MiMo-V2.5-NVFP4 / README.md
lukealonso's picture
Update README.md
e31cc15 verified
metadata
base_model:
  - XiaomiMiMo/MiMo-V2.5

IMPORTANT: You must use the docker image below, since it contains many custom kernels written for this model specifically

Updated 5/4/26 - New calibration data, new docker image.
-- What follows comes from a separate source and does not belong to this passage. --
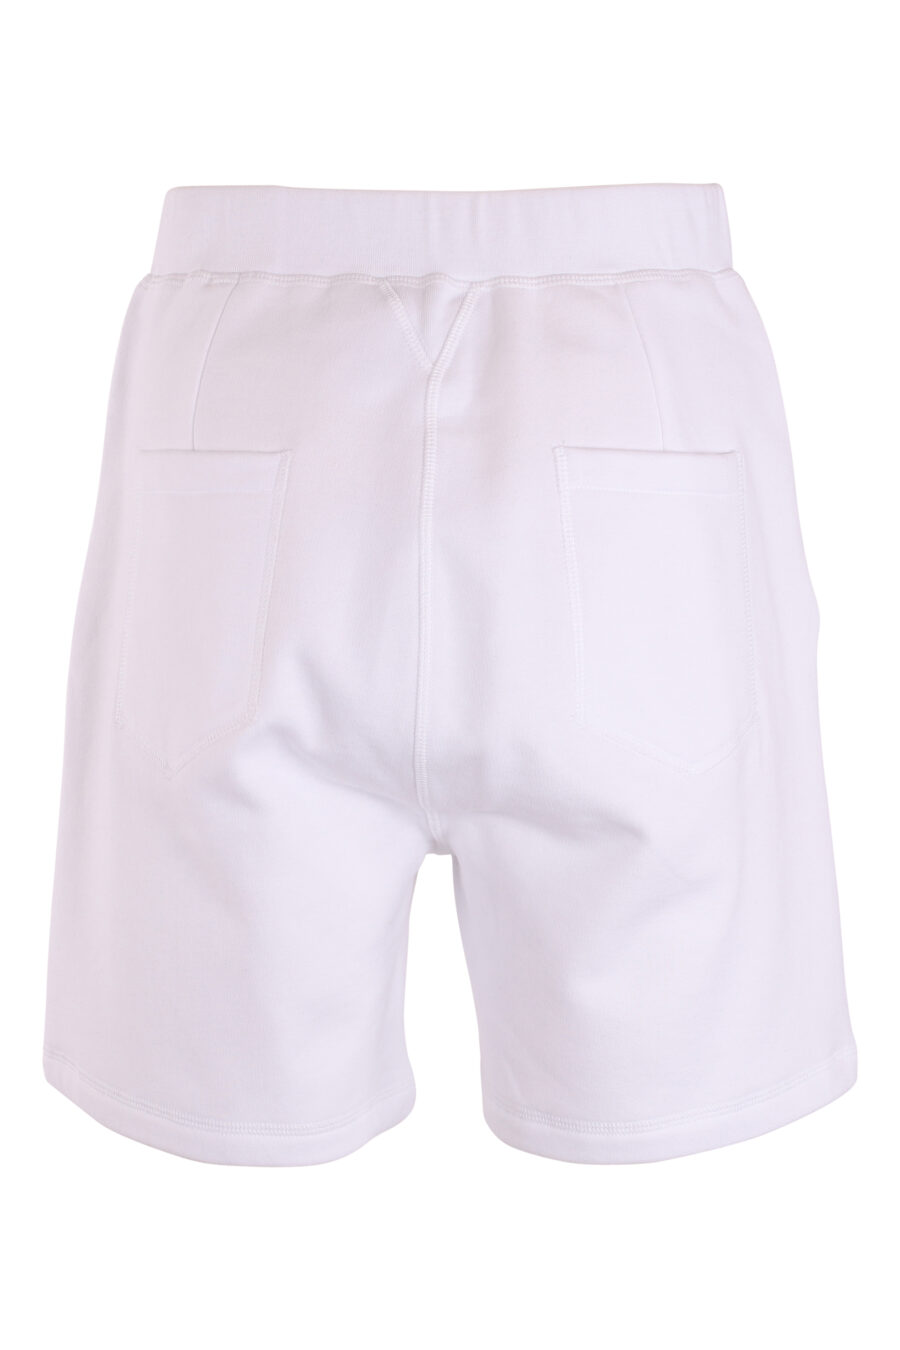 Pantalón de chándal corto blanco con doble logo lateral - IMG 8981

Full 2x RTX 6K support

Model Description

MiMo-V2.5-NVFP4 is an NVFP4-quantized version of XiaomiMiMo/MiMo-V2.5.

This is a multi-modal model, supporting text, images, audio and video. This quantization carefully preserves those capabilities.

What's quantized

Only the non-shared MoE expert MLP projections are quantized to NVFP4. Attention weights are left in BF16, in addition to the dense MLPs (layers 0-3) and the shared experts. Since the MoE expert weights constitute the vast majority of model parameters in an MoE architecture, this still yields significant memory savings.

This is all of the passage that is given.